You are viewing a plain text version of this content. The canonical link for it is here.

Posted to user@spark.apache.org by Reynold Xin <rx...@databricks.com> on 2016/01/14 07:29:09 UTC

[discuss] dropping Hadoop 2.2 and 2.3 support in Spark 2.0?

We've dropped Hadoop 1.x support in Spark 2.0.

There is also a proposal to drop Hadoop 2.2 and 2.3, i.e. the minimal
Hadoop version we support would be Hadoop 2.4. The main advantage is then
we'd be able to focus our Jenkins resources (and the associated maintenance
of Jenkins) to create builds for Hadoop 2.6/2.7. It is my understanding
that all Hadoop vendors have moved away from 2.2/2.3, but there might be
some users that are on these older versions.

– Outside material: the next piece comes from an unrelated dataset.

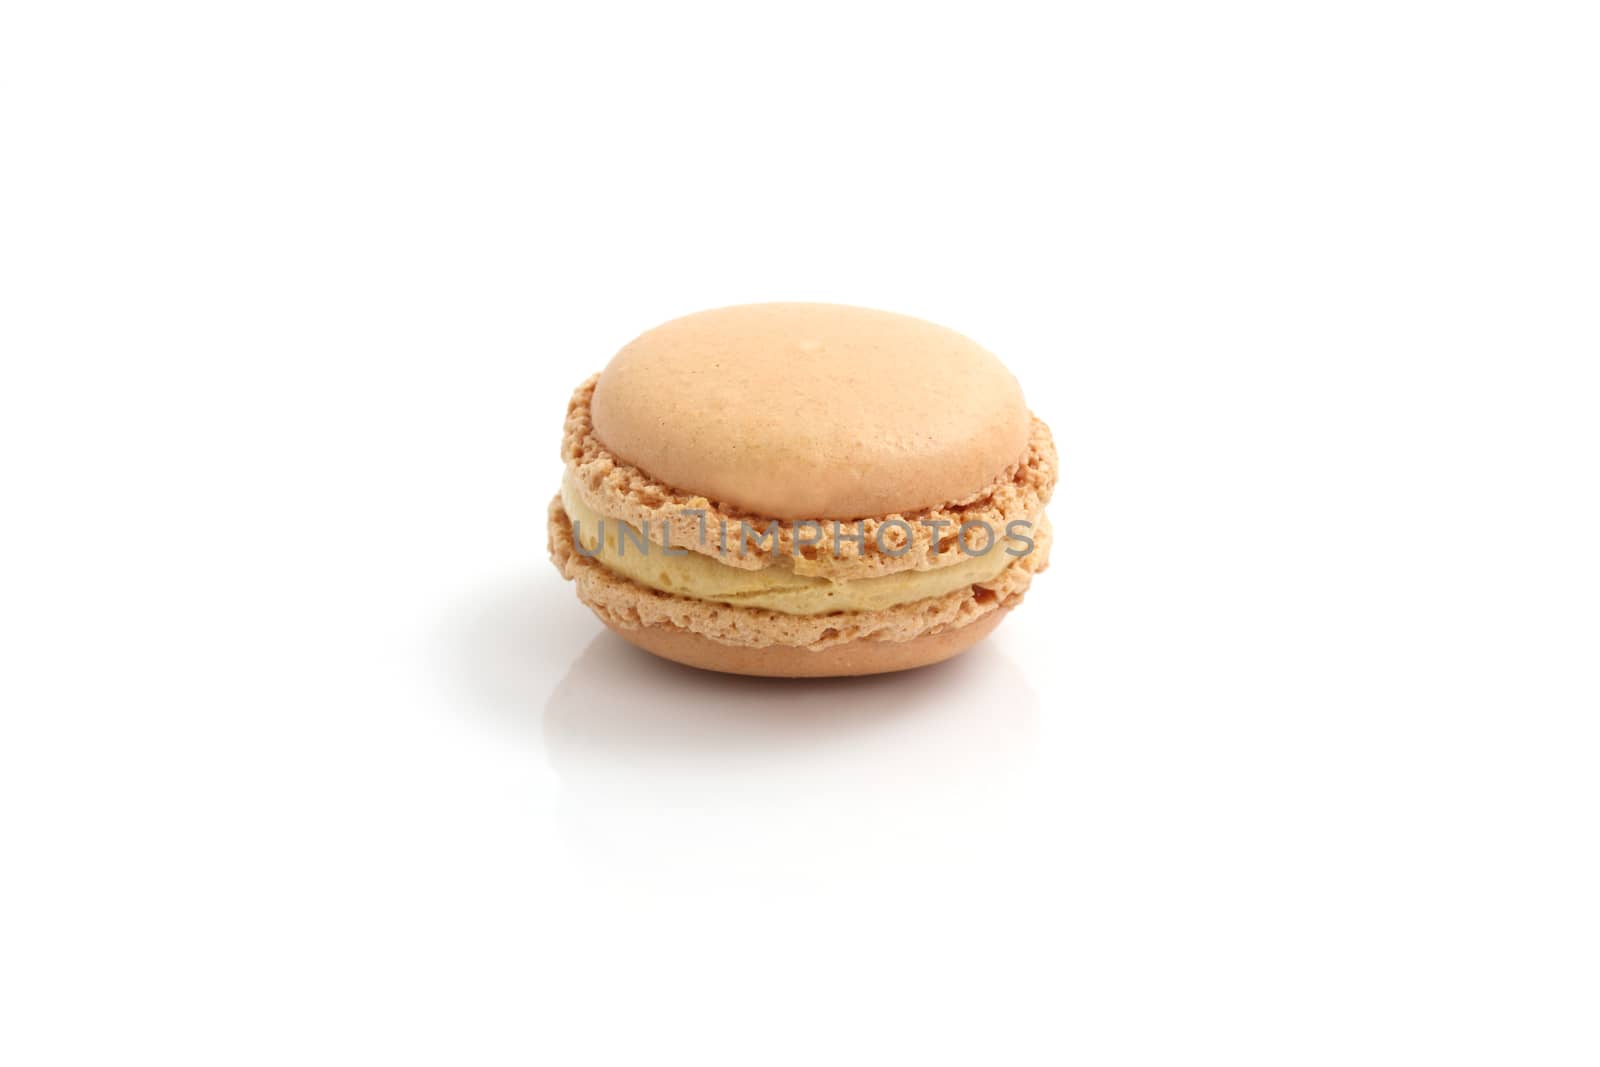 Macaron isolated in white background by piyato
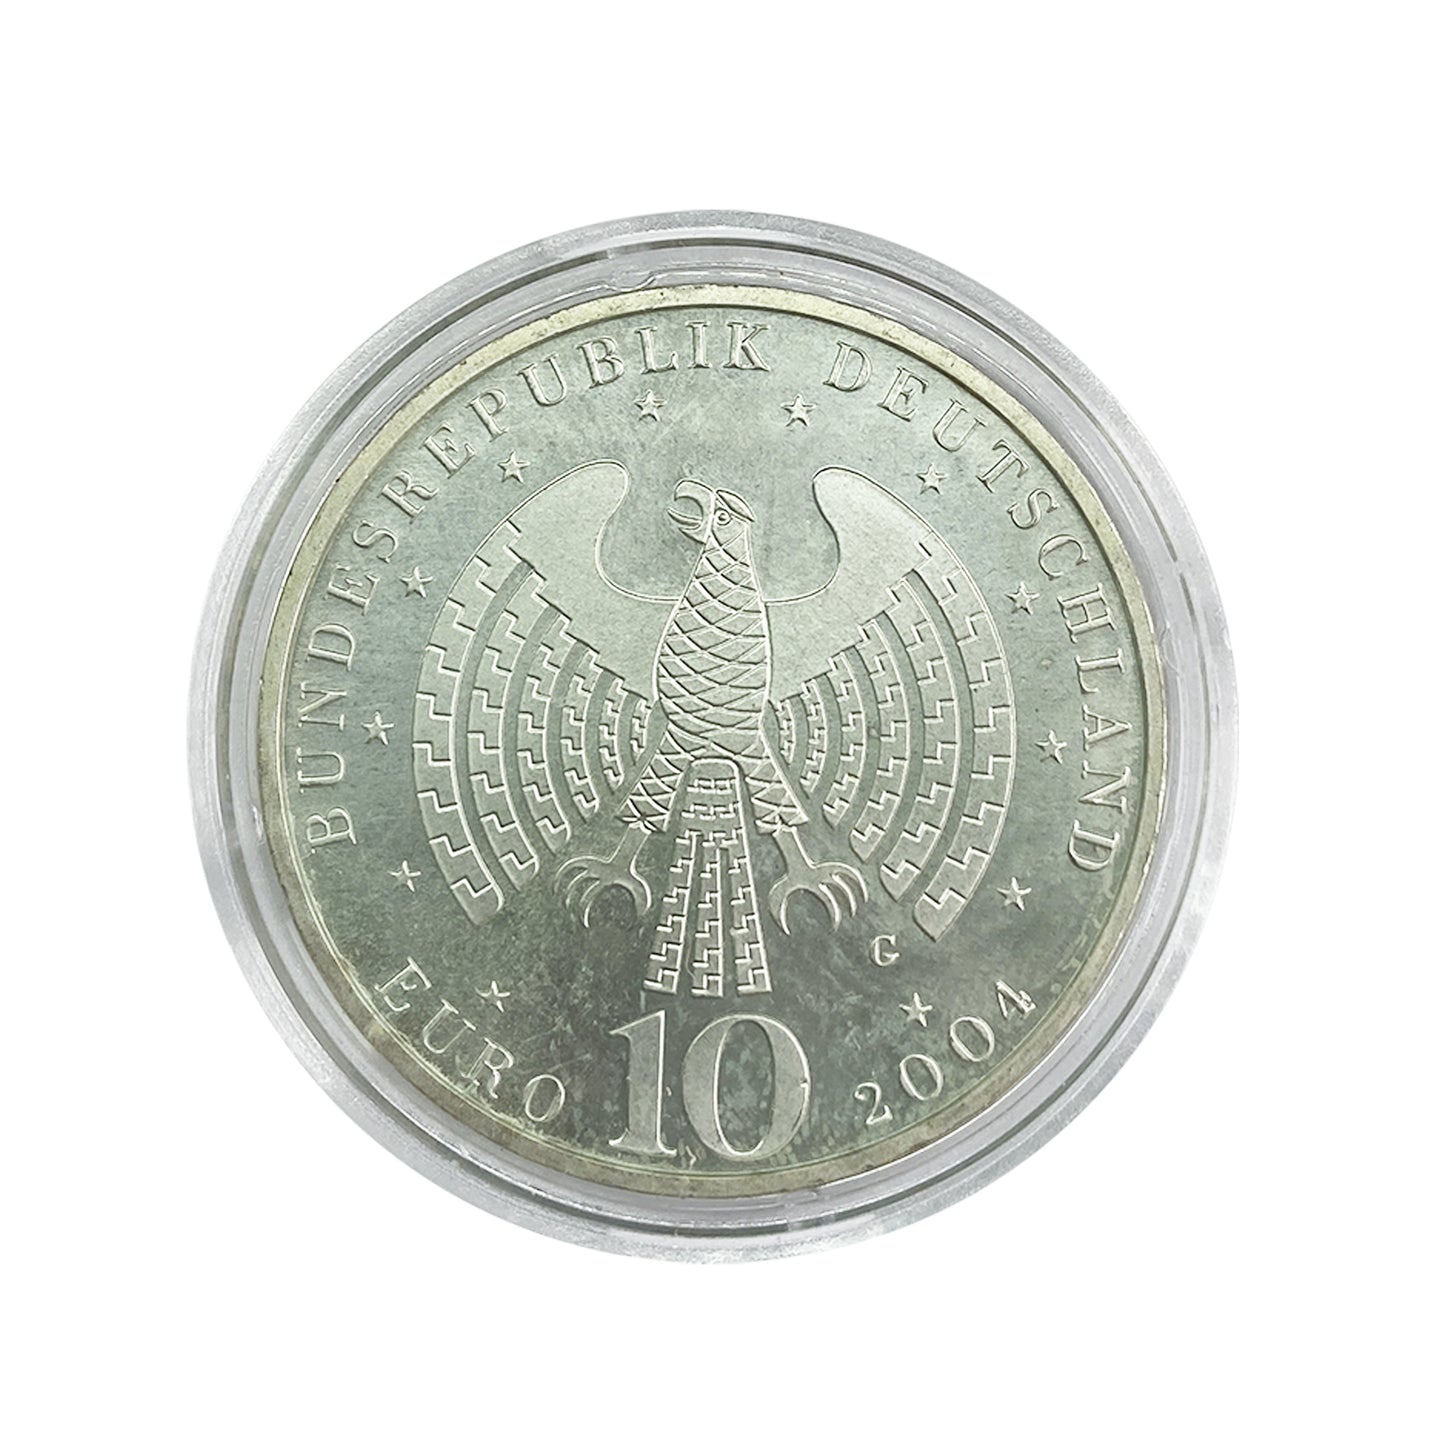 Alemania - Moneda 10 euros plata 2004 - Ampliación de la Unión Europea

What do you think about this idea?

Re: [discuss] dropping Hadoop 2.2 and 2.3 support in Spark 2.0?

Posted by Reynold Xin <rx...@databricks.com>.

Thanks for chiming in. Note that an organization's agility in Spark
upgrades can be very different from Hadoop upgrades.

For many orgs, Hadoop is responsible for cluster resource scheduling (YARN)
and data storage (HDFS). These two are notorious difficult to upgrade. It
is all or nothing for a cluster. (You can't have a subset of the nodes
running Hadoop 2.2 and the other subset running Hadoop 2.6). For Spark, it
is a very different story. It is pretty easy to run multiple different
versions of Spark in different applications, even though they are all
running in a single cluster.

As a result, you might see a lot of orgs with really old Hadoop versions
and yet are willing to upgrade to Spark 2.x.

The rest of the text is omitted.